I've not been exposed to any of the two and only dealt with PHP as part of messing with WordPress in the past.

kugelblitz · a year ago
It's a different ecosystem than Wordpress.

I'm having some trouble finding analogies.

But maybe Symfony would be something like Linux Debian, has all the building blocks, it's modern but stable and well documented. Laravel is like Linux Ubuntu, it bases many things on Debian, but adds many things to make stuff a bit easier for the user. It's "shinier" and it has better marketing. You can add Debian stuff to Ubuntu, but you can't necessarily add Ubuntu stuff to Debian.

Symfony is more modular, you can add the components to any PHP project. Whereas Laravel uses many Symfony components and adds some syntactic sugar, but once you go into Laravel, it's difficult to stray away too far from the "Laravel way". Laravel uses many Symfony components, but Symfony can't easily use Laravel components.

Self-hosted Wordpress would maybe be comparable to a rooted Android phone. It has a very specific use case (for Wordpress it's fundamentally a Content Management System). You can add all sorts of plugins and additions. But it's also easy to accidentally break something. And once you added too many things, it might be difficult to update without breaking many things.

In the end, they're all Linux based, but living in very different ecosystems (just as Symfony, Laravel and Wordpress are PHP-based).

In programming terms, Symfony might be similar to Django (Python) or Spring Boot (Java), whereas Laravel is "cousins" with Ruby on Rails.

kugelblitz commented on Ask HN: How can I effectively restart my dev career?    · Posted by u/nathanaldensr
kugelblitz · a year ago
I think it's more that it's a crap job market. Have been dev freelancing for about 10 years, used to be able to choose from a few projects within a couple of weeks of searching.

But the last 18 months have been hard. On some freelancing projects I was up against 80 or 120 other devs. (I live in Germany.)

Recruiting agencies have told me the same. I finally found 2 part-time projects after 6 months of search and will now try to wait our the dry period.

kugelblitz commented on The Architecture Behind a One-Person Tech Startup (2021)   anthonynsimon.com/blog/on... · Posted by u/thunderbong
cj · a year ago
Small secret:

The best tech stack when starting a startup is one you don't have to learn.

There's a million things you learn when starting a company. Don't make yourself learn an entirely new tech stack on top of everything else. This advice means you'll be using whatever you've used in the past which might not be the sexiest or newest technology, but your users won't care. Your users want a working product.

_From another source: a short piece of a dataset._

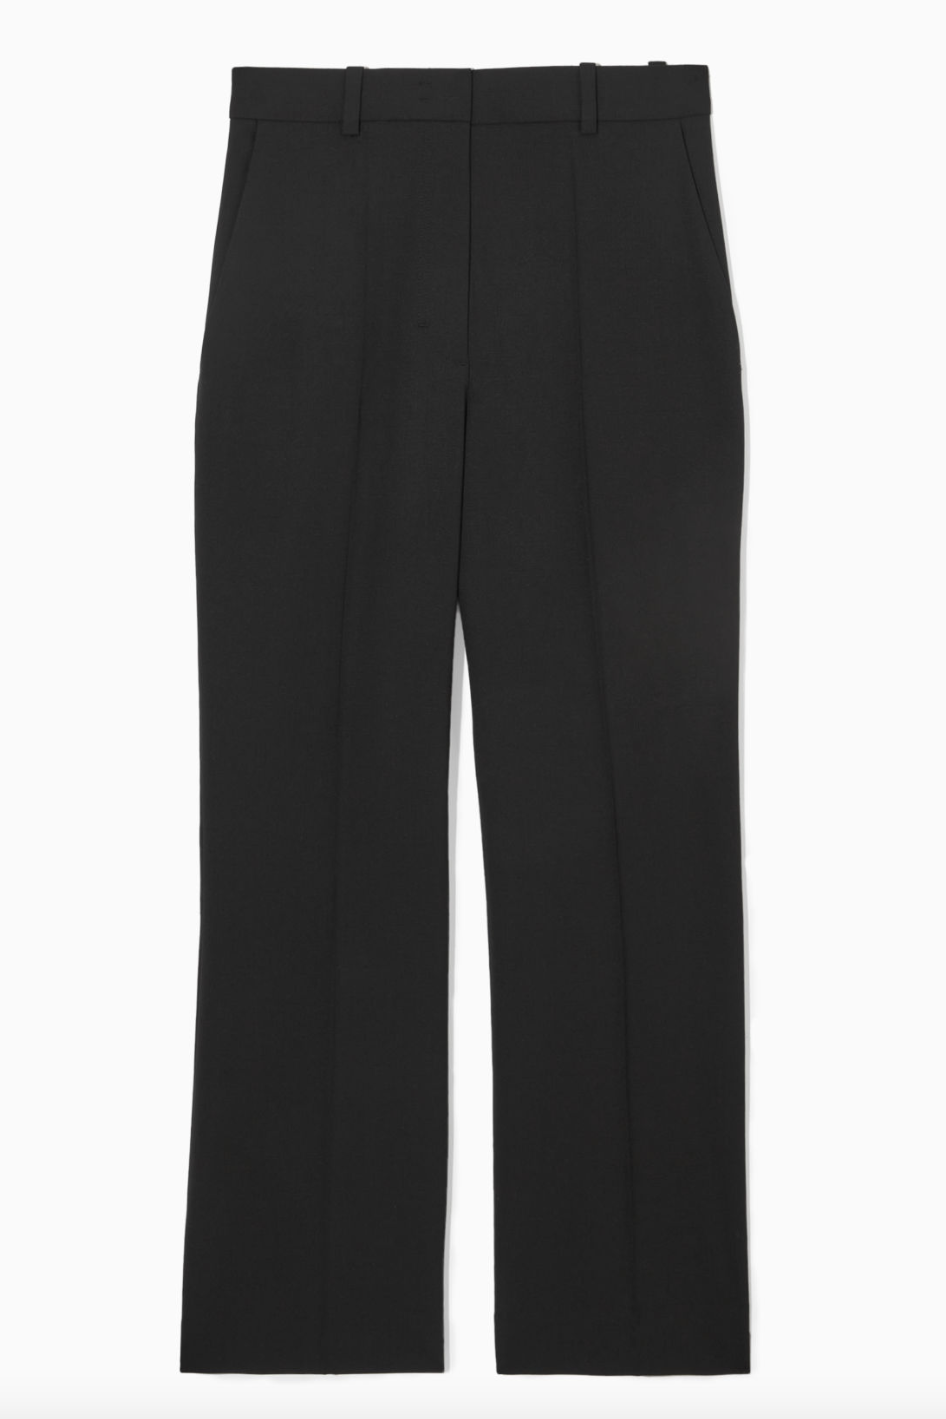 Relaxed Flare Wool Pants - Black

Choose the stack that will result in a working product the quickest.

Refactor and migrate to a better stack later, if necessary. (It rarely is)

For me, that meant deploying to Elastic Beanstalk (I know, boring, no one talks about it, but it works!) and using Mongo because I was already comfortable with it. It also meant not using React, at first. This was the right answer for me, but might be the wrong answer for you! Build your app on the technology you know.

kugelblitz · a year ago
For my 12 year side project, I recently moved from Elastic Beanstalk after 6-7 years to Platform.sh, because "it just works" even more so and it was way easier to debug (EB just says "error in step 18_install_yarn" or something).

I use Symfony (Php) and have not used a full SPA after I retired AngularJS (v1) like 10 years ago. What people now call server side rendering (SSR) is just how Symfony works with its regular Twig templating language (heavily inspired by Django's templating language).

As I gained more experience, I rewrote it. Once from vanilla PHP to Laravel, then later to Symfony.